Give examples of peptide hormones.

A
Insulin
Glucagon
Prolactin
ACTH
PTH
13
Q

Give examples of steroid hormones.

A
Oestrogen
Androgens
Aldosterone
Progesterone
Cortisol
14
Q

Give examples of catecholamines.

A

Adrenaline

Noradrenaline

15
Q

Give examples of thyroid hormones.

A

Thyroxine

Triiodothyronine

16
Q

What are the different types of proteins made of?

A
  • Peptide hormones: amino acids
  • Catecholamines: amino acid (tyrosine) derivative
  • Thyroid hormones: amino acid (tyrosine) derivative
  • Steroids: derived from cholesterol lipids
17
Q

What is the role of the pineal gland? How is its function inhibited?

A
  • Produces melatonin: involved in the control of circadian rhythm. Inhibits the release of gonadotropin (LH and FSH).
  • Light exposure inhibits melatonin release.
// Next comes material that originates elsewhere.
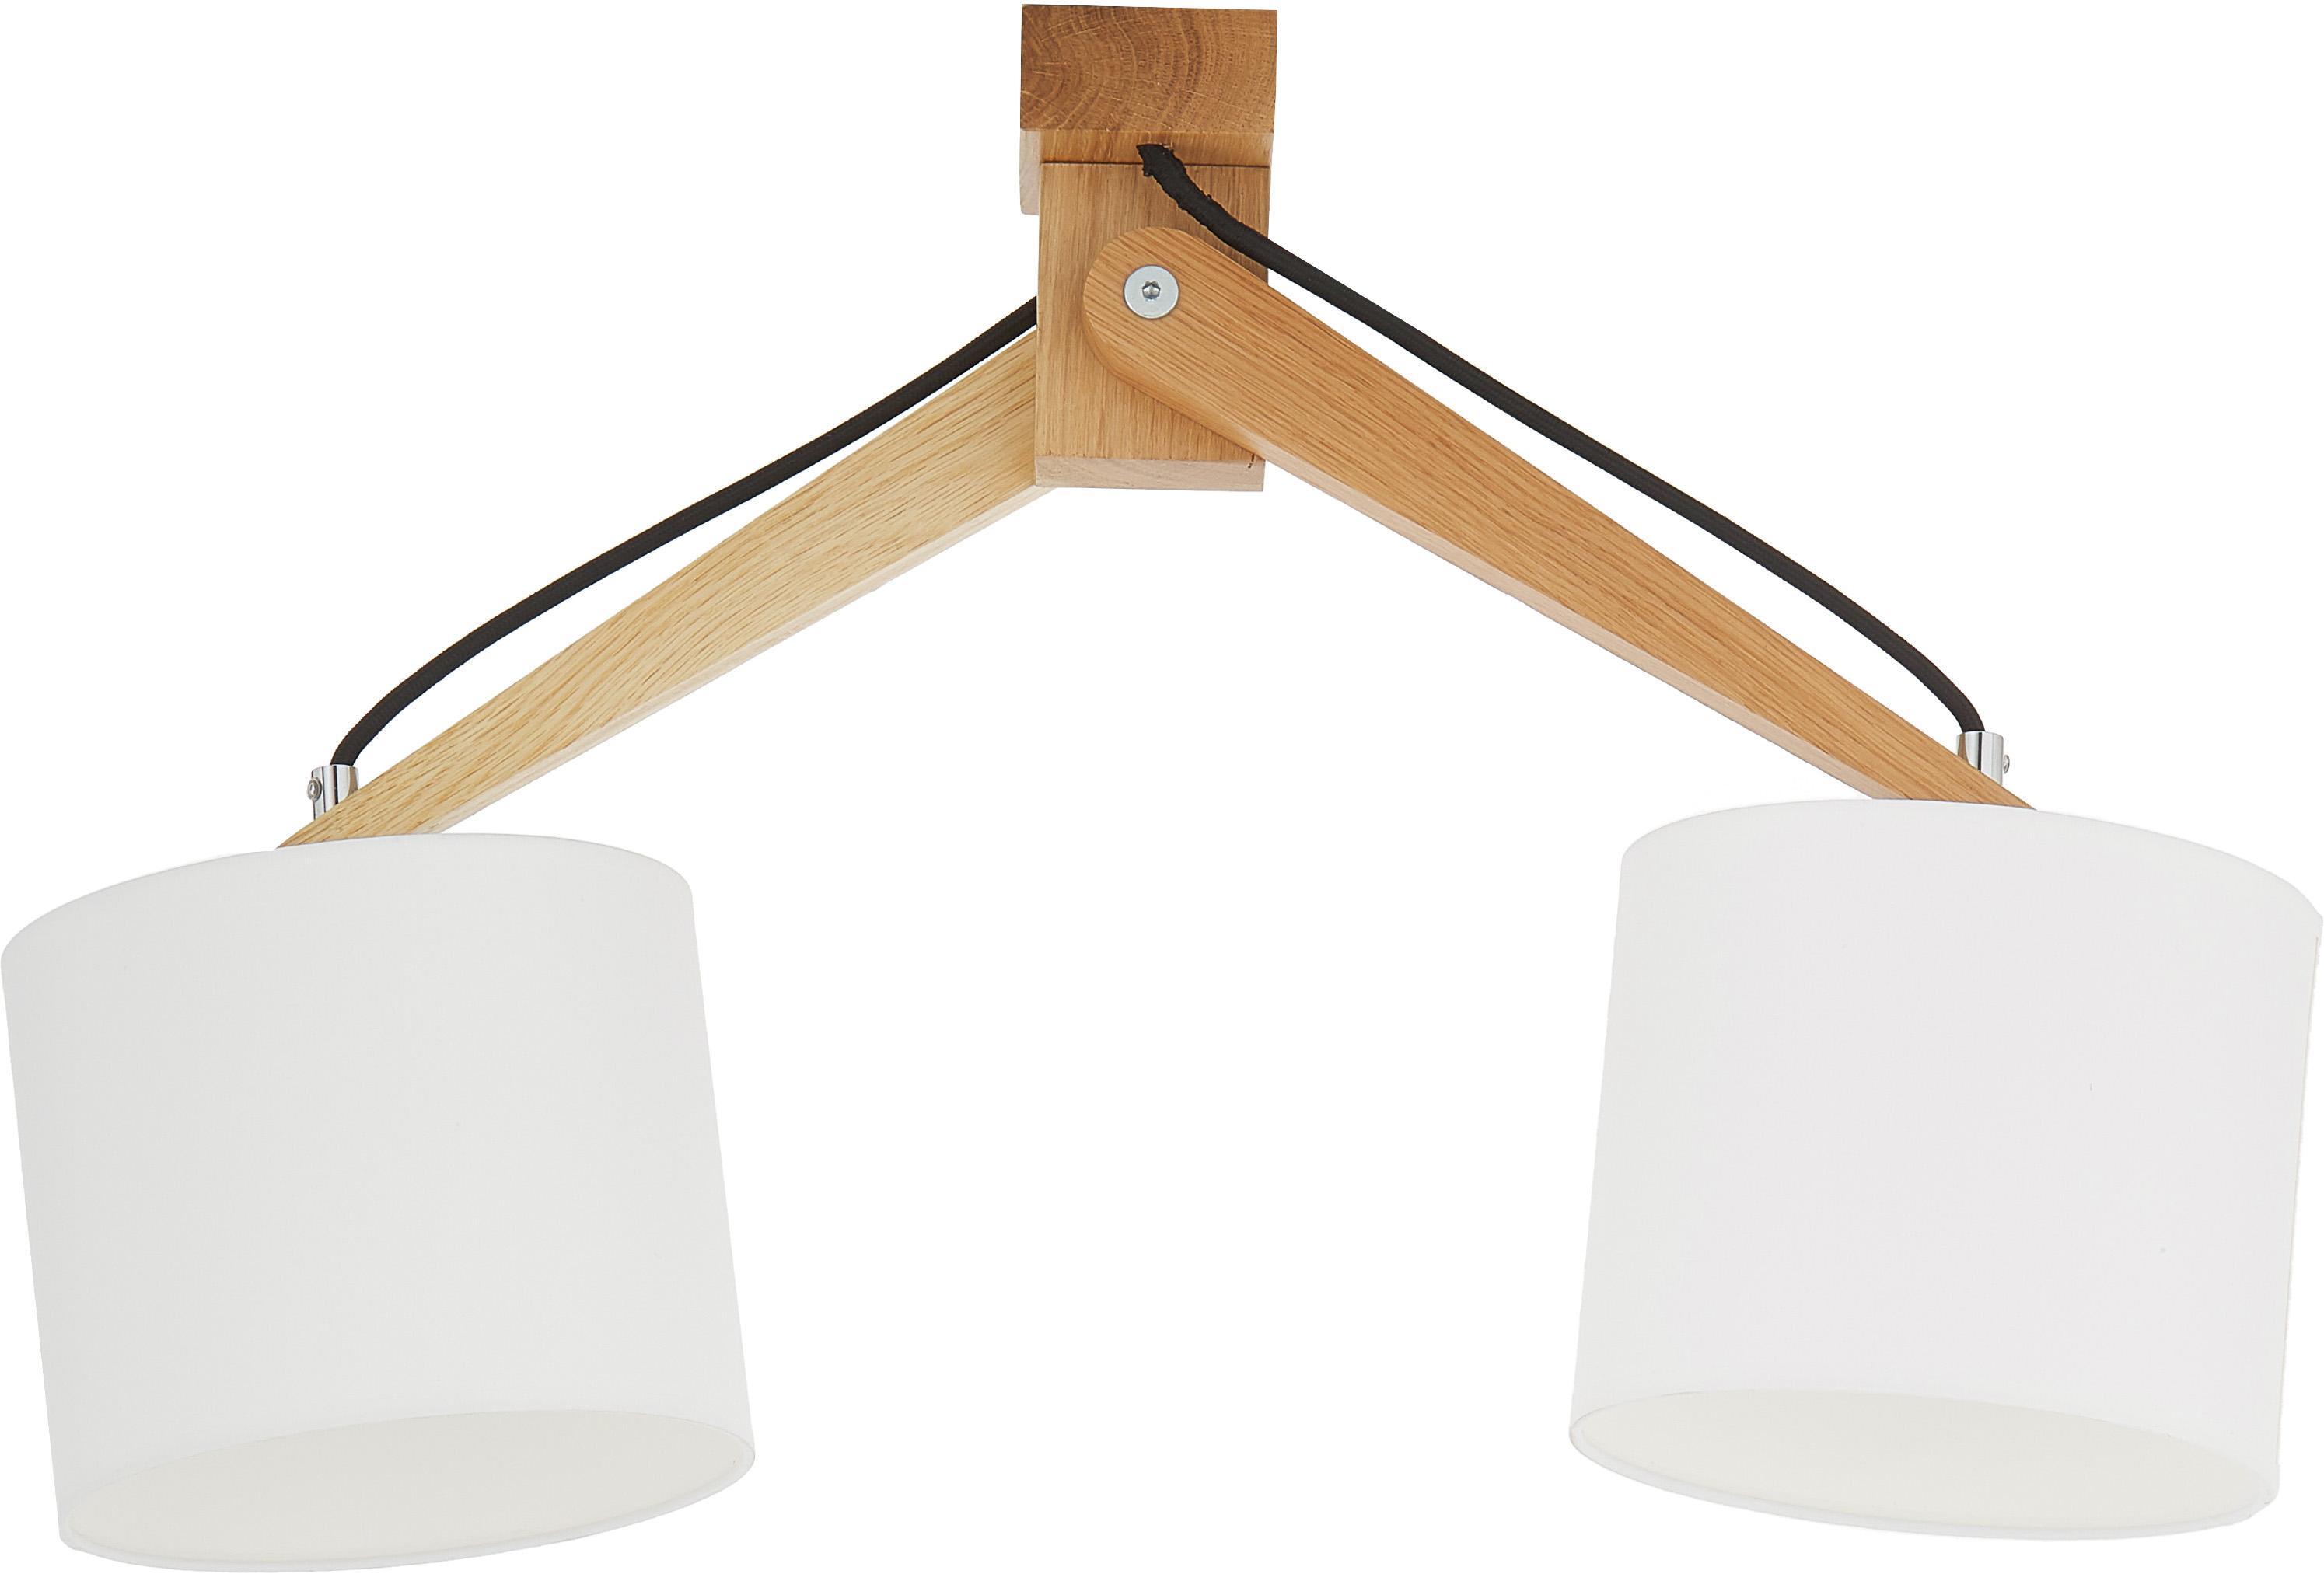 Deckenleuchte Donna aus Holz, Weiß, 50 x 36 cm
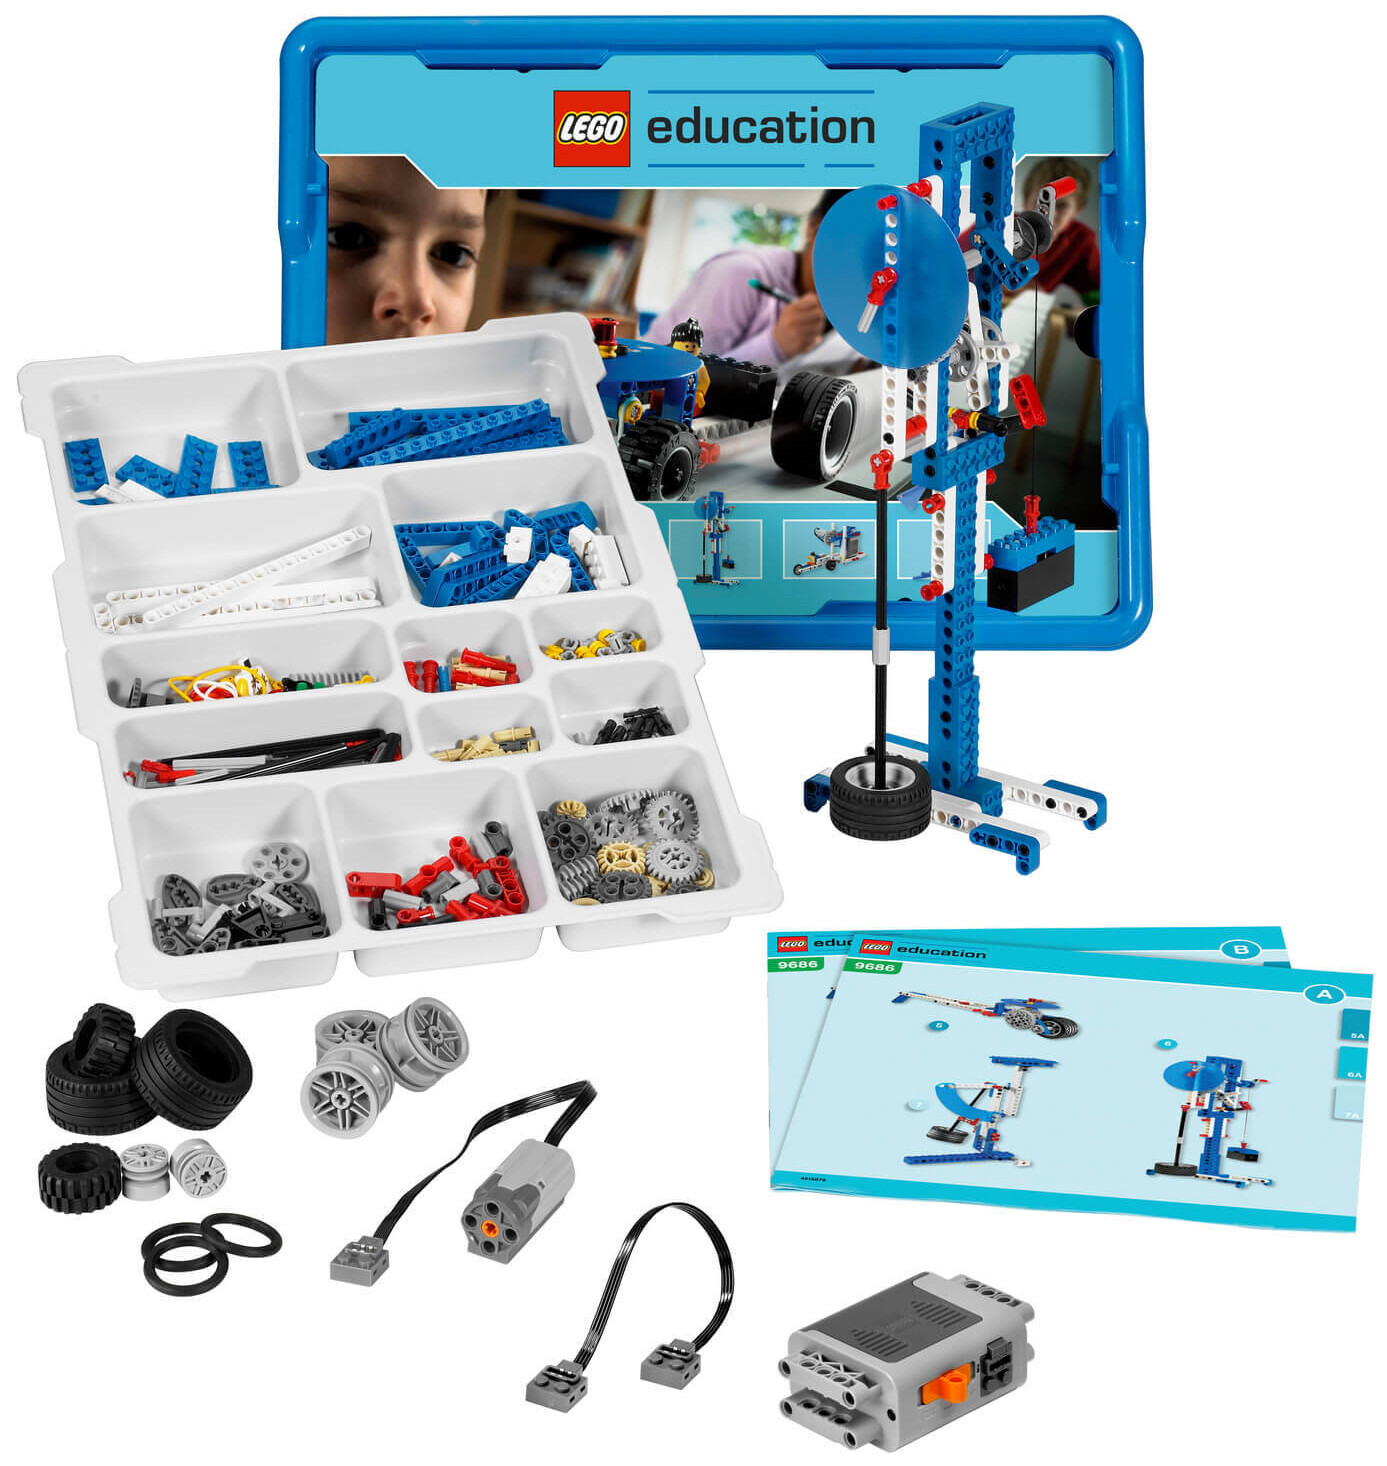 LEGO 9686 Образовательное решение «Технология и основы механики»

Neuronal pathway is from retina to hypothalamus to pineal gland.
18
Q

Why is the pineal gland visible on X-rays?

A

Calcifies in early adulthood.

19
Q

How are the hypothalamus and pituitary gland connected?

A

Via the neurohypophyseal stalk

20
Q

What is the role of the hypothalamus?

A

Regulates homeostasis:
Thermoregulation (panting, sweating, shivering)
Plasma osmolarity via osmoreceptors
Heart rate & BP
Feeding, satiety & GIT regulation
Circadian rhythms, wakefulness, sleep (afferents from retina)
Autonomic input/stimulation via connections to the sympathetic & parasympathetic systems
Emotion, sexual behaviour
Lactation (suckling/baby crying)

21
Q

Which hormones does the hypothalamus produce?

A
  • ADH & oxytocin: travel to posterior pituitary

- 6 hormones (4 stimulatory, 2 inhibitory): travel to anterior pituitary via the hypothalamo-hypophyseal portal system

22
Q

What is special about the connection between the hypothalamus and anterior pituitary?

A
  • Hypothalamo-hypophyseal portal system: 2 capillary beds in series.
  • Neurocrine neurones in the hypothalamus secrete hormones that travel to anterior pituitary via capillaries portal system.
23
Q

What is the system controlling the thyroid gland called?

A

Hypothalamic - pituitary - thyroid axis

24
Q

Describe the hypothalamic - pituitary - thyroid axis.

A
  1. Hypothalamus neurocrine cells secrete TRH (thyrotropin releasing hormone) into the portal blood supply.
  2. TRH travels to anterior pituitary and stimulates TSH (thyroxin stimulating hormone) secretion.
  3. TSH travels to thyroid and stimulates T3 and T4 release.
  4. T3 and T4 travel to systemic receptors (control of metabolic rate) but also inhibit the production of TSH (short loop inhibition) and TRH (long loop inhibition) - NEGATIVE FEEDBACK.
25
Q

What is the system controlling the adrenal glands (stress response) called?

A

Hypothalamic-pituitary-adrenal axis

26
Q

Describe the hypothalamo-pituitary-adrenal axis.

A
  1. Hypothalamus neurocrine cells release CRH (corticotropin releasing hormone) into the portal blood system.
  2. CRH travels to the anterior pituitary and stimulates release of ACTH (adrenocorticotropic hormone).
  3. ACTH travels to adrenal medulla and stimulates release of cortisol.
  4. Cortisol inhibits the release of ACTH from the anterior pituitary (short loop inhibition) and CRH from the hypothalamus (long loop inhibition) - NEGATIVE FEEDBACK.